The Court of Appeals found that this statement to the front desk officer was a reasonable effort by Defendant’s daughter to gain access to defendant and therefore, Denial of Defendant’s statutory rights were violated. Hatley, 661 S.E.2d 43, 46 (“We find no authority for the proposition that a potential witness to an intoxilyzer test must state unequivocally and specifically that he or she has been called to view the test before the witness is permitted to observe the test. Uncontradicted evidence shows that the witness timely arrived; identified and described to the front desk officer the person she was there to see; and told the front desk officer that the person was there for ‘a DUI.’”)

Remedy for Statutory Violation

The remedy for a denial of access to a witness to view testing procedures as laid out under 20-16.2 is suppression of the chemical test results. State v. Myers, 118 N.C. App. 452, 455 S.E.2d 492, disc. review denied, 340 N.C. 362, 458 S.e.2d 195 (1995). As a result, where it is anticipated that a statutory denial of access to witness occurred, attorneys should make a pretrial motion to suppress the results of the blood or breath test. N.C.G.S. § 20-38.6(a). If you are arguing there was a constitutional violation of your client’s rights resulting from a denial of access to a witness then the appropriate remedy is dismissal.
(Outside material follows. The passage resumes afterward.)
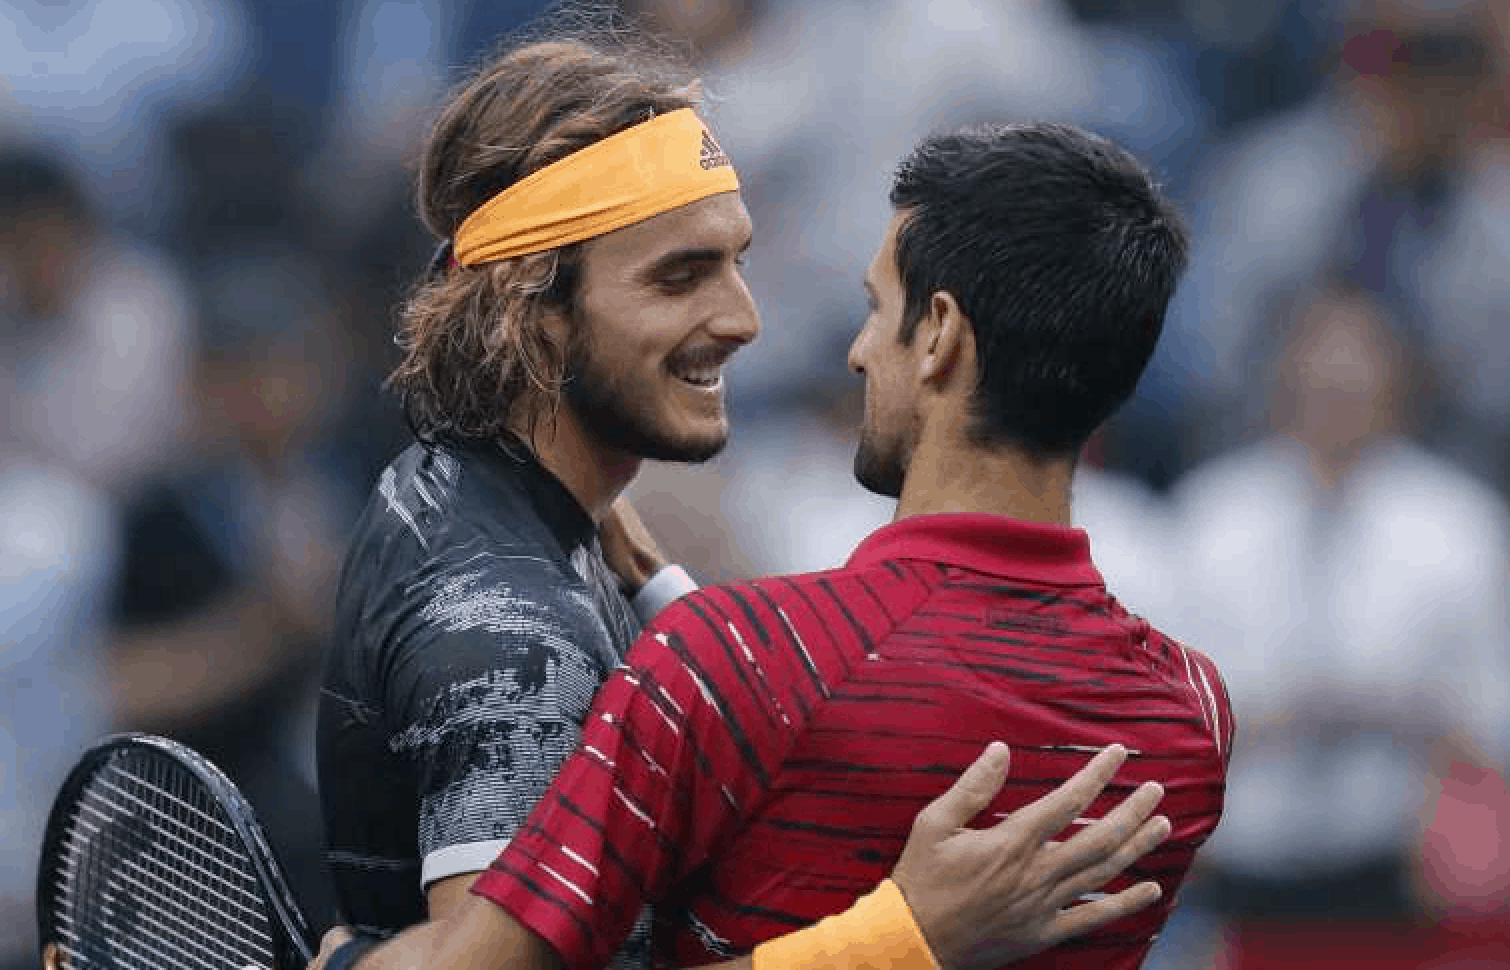 Novak Djokovic impressed by Stefanos Tsitsipas and other 'Next Gens'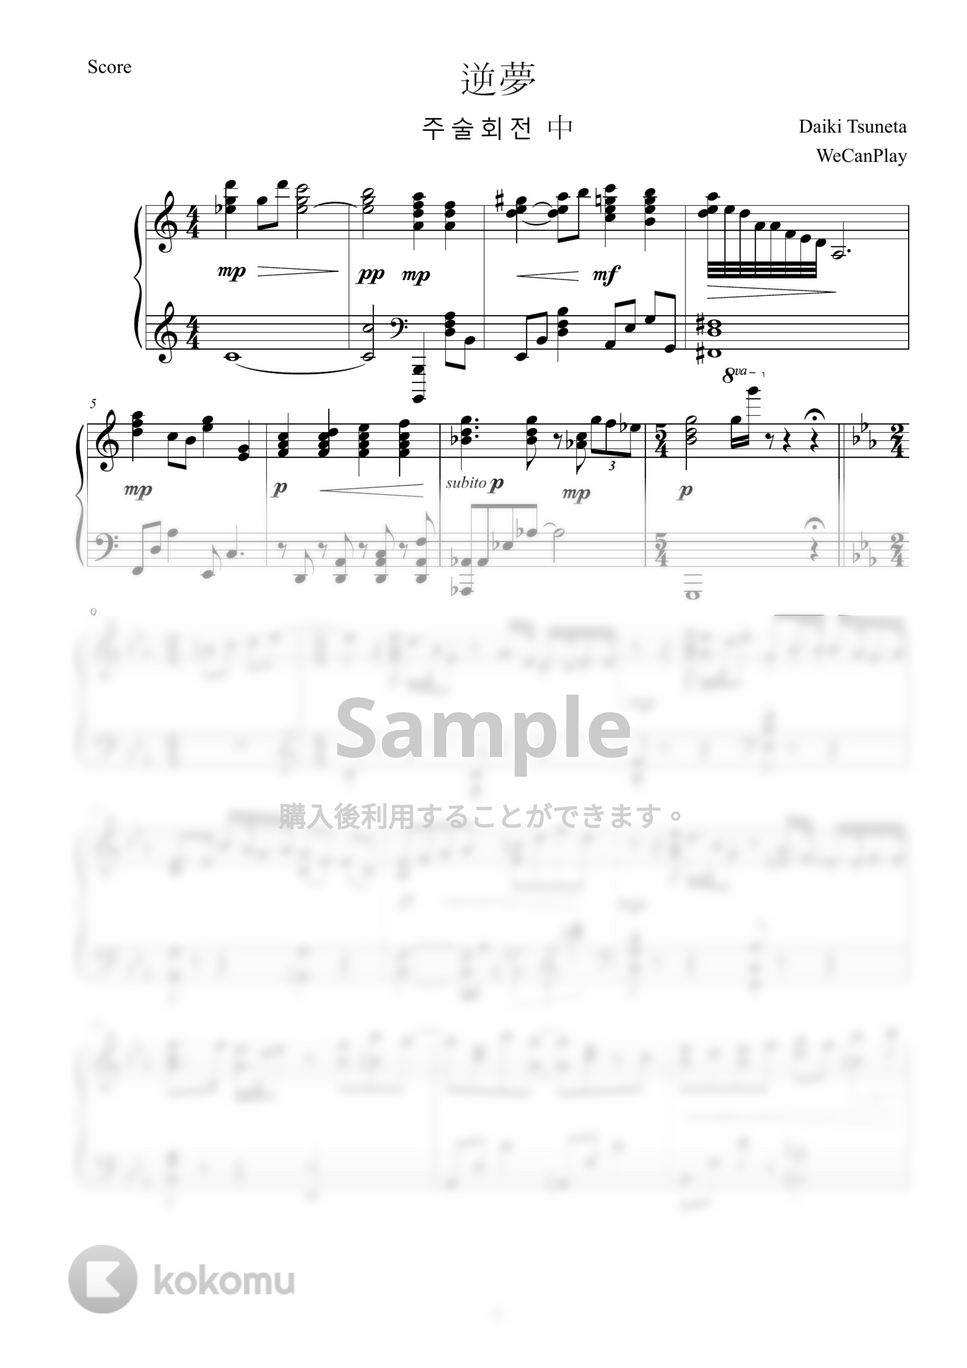 King Gnu - 逆夢(呪術廻戦OST) (piano solo/逆夢/呪術廻戦OST) by WeCanPlay

See Ferguson, 90 N.C. App. at 519.

 

Red Herrings Argued by the State

Red Herring 1: “The presence of a witness would not have changed the breath test.” True, but irrelevant. In Hatley the result was a .11. The question is whether a violation of the statutory right has occurred. The statutory right at issue is having a witness see the testing procedures whether they produce a helpful or hurtful result.

Red Herring 2: “The witness was allowed to see the defendant shortly after testing.” This fact may be important in a suppression hearing based on State v. Knoll, but is not relevant for the right of being able to have a witness for chemical testing procedures.

Red Herring 3: “There were signs in the jail that indicated to a witness the specific language they needed to use to act as a witness to a breath test.” Police signs do not trump the Court of Appeals of North Carolina. There is zero legal authority that a potential witness “must state unequivocally and specifically that he or she has been called to view the test.” Hatley, 661 S.E.2d 46.

The Court’s reasoning in Hatley seems to indicate that defendants and their witnesses have limited knowledge and understanding of the legal process and rights related to breath testing whereas officers and magistrate judges deal with these situations on a daily basis and are in a better position to insure that a person’s legal rights are protected. Many times I have friends and family of a defendant show up at the jail with very limited information as to what they are there to do or how they can help. However, they are there for their friend (the defendant) and clearly indicate this to the magistrate.

Such a person is a “potential witness” for breath testing purposes even if they don’t know that witnessing a breath test is an option. I ask such friends or family “if you had been asked by the magistrate if you would be willing to view chemical testing would you have been willing to do so?” I have never had a situation where the answer to this question was anything but a resounding yes.